I grew up in rural Mississippi, a black girl who lived "out in the booneys," fairly isolated from peers outside school. My God-fearing parents brought me up in an African Methodist Episcopal church that stood just beyond the edge of the woods. At the right age, I waded into a muddy watering hole, only recently vacated by the cows who drank there, and got dunked by the preacher and welcomed into the church and the kingdom of God.
That was my baptism, but I wouldnt call it a conversion experience. I felt very innocent then, and would until I left home for college in Massachusetts. There I got my first taste of diversity. Most of my classmates didnt believe as I did. Most of my African-American friends felt as if my faith was some kind of relic from our slave heritage, a white-supremacist trick that I had bought into.
Up until then I hadnt had any inclination to become political, and life hadnt given me any reason to be angry. I still havent learned these traits well, even though it was in the educated Northeast, not the backwoods of Dixie, that I personally experienced the pain of racial hatred, sexism, and religious bigotry for the first time.
Through Gods grace and relationship with other Christians, I survived college with my sanity intact, and with a clearer, though less innocent, understanding of the world. In retrospect I see that we were all confused, all trying to figure life out.

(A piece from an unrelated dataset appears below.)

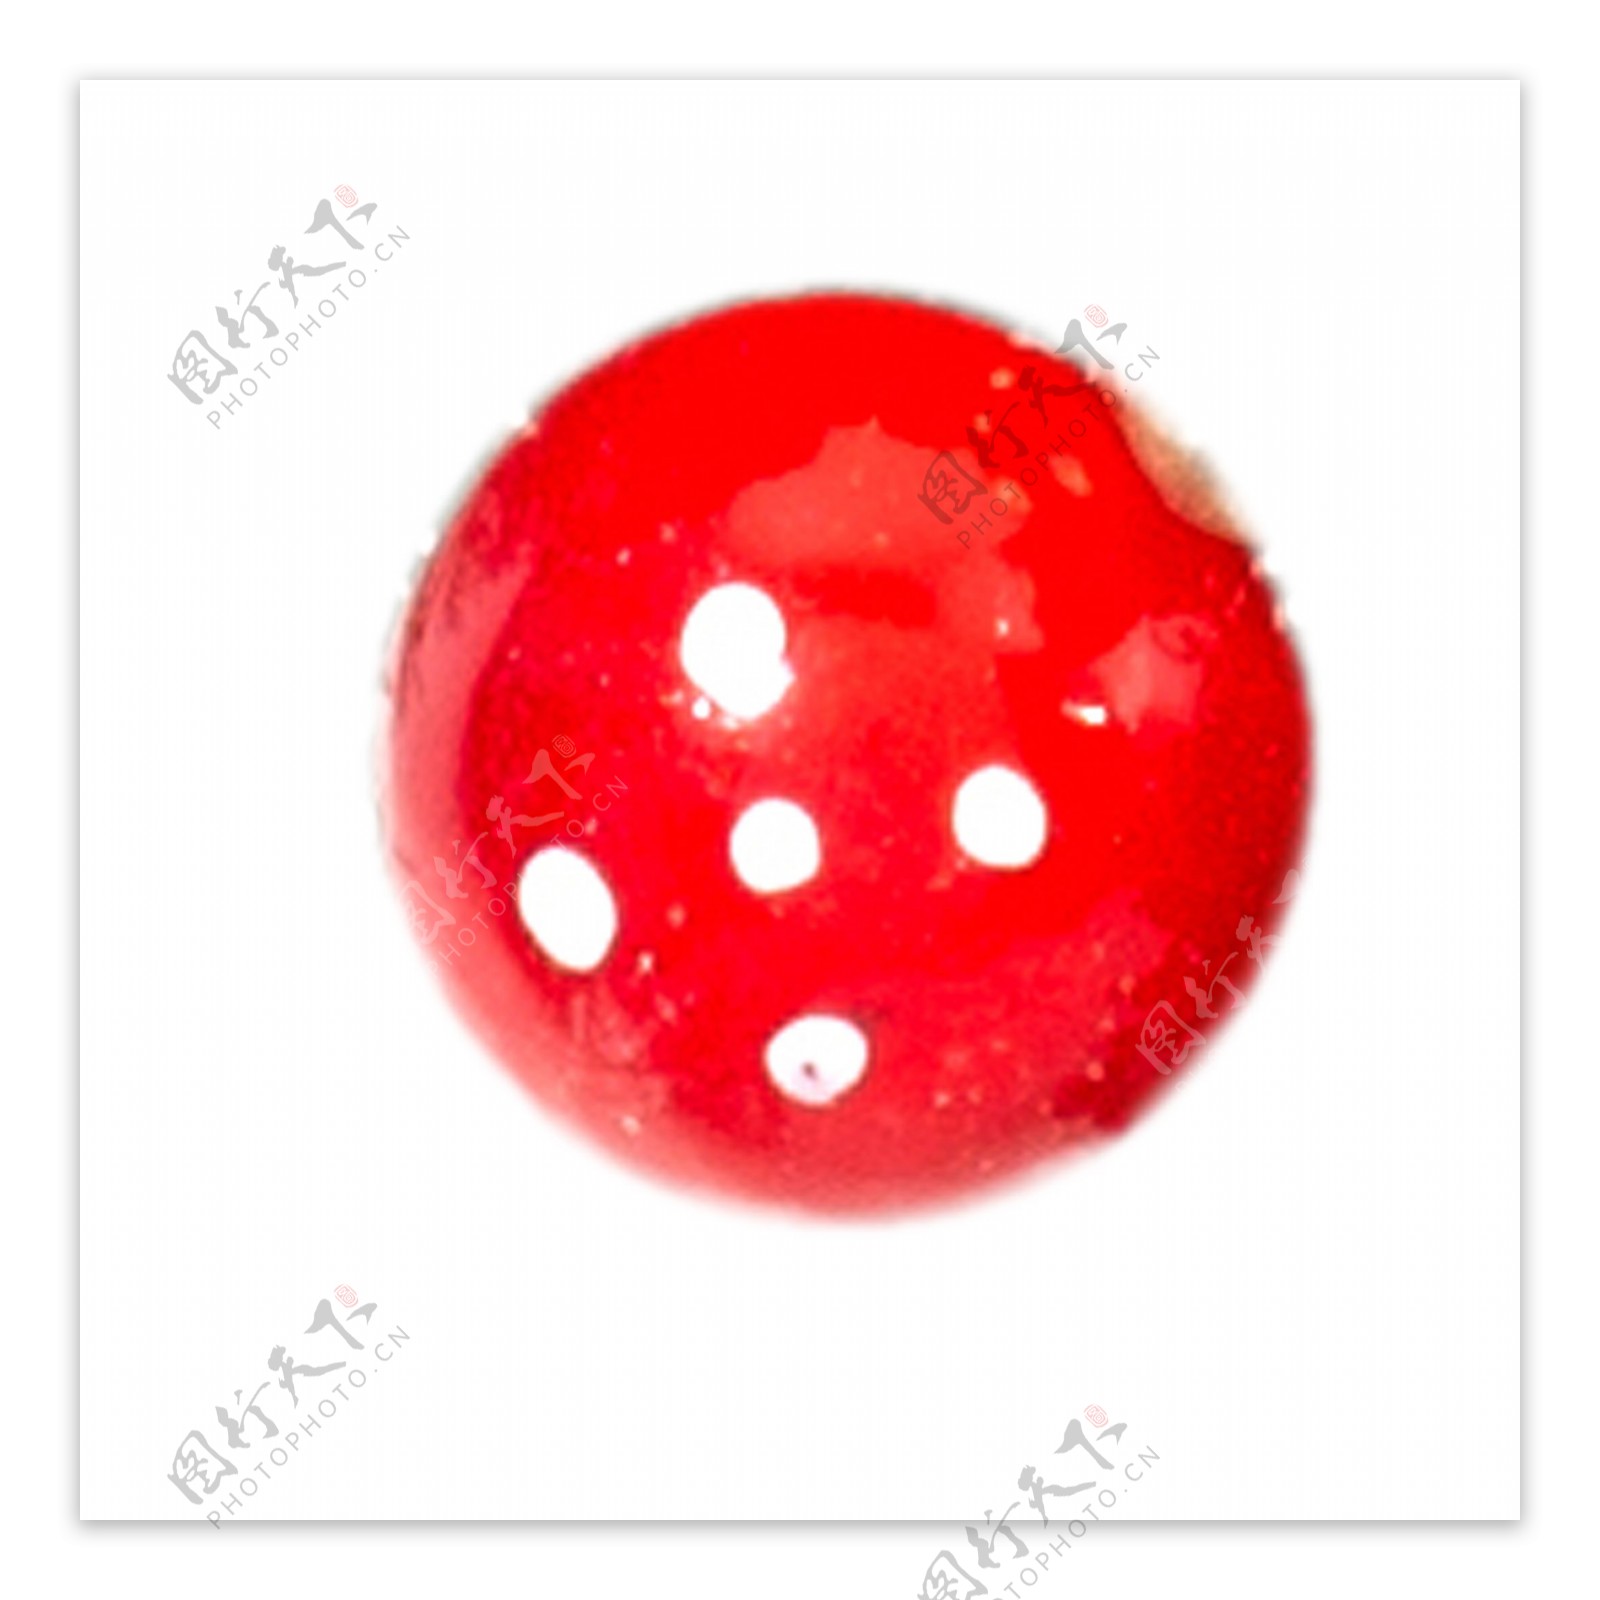 红色圆形球体下载

I have returned to the South and settled in a racially mixed community of Christians, among people who recognize the equality of humanity implied by the statement "all have sinned and fall short of the glory of God." Im sure my generation will continue to struggle with meaning, identity, and purpose until they come to realize that, from an eternal perspective, the only equal opportunity that matters is our equal access to Gods grace.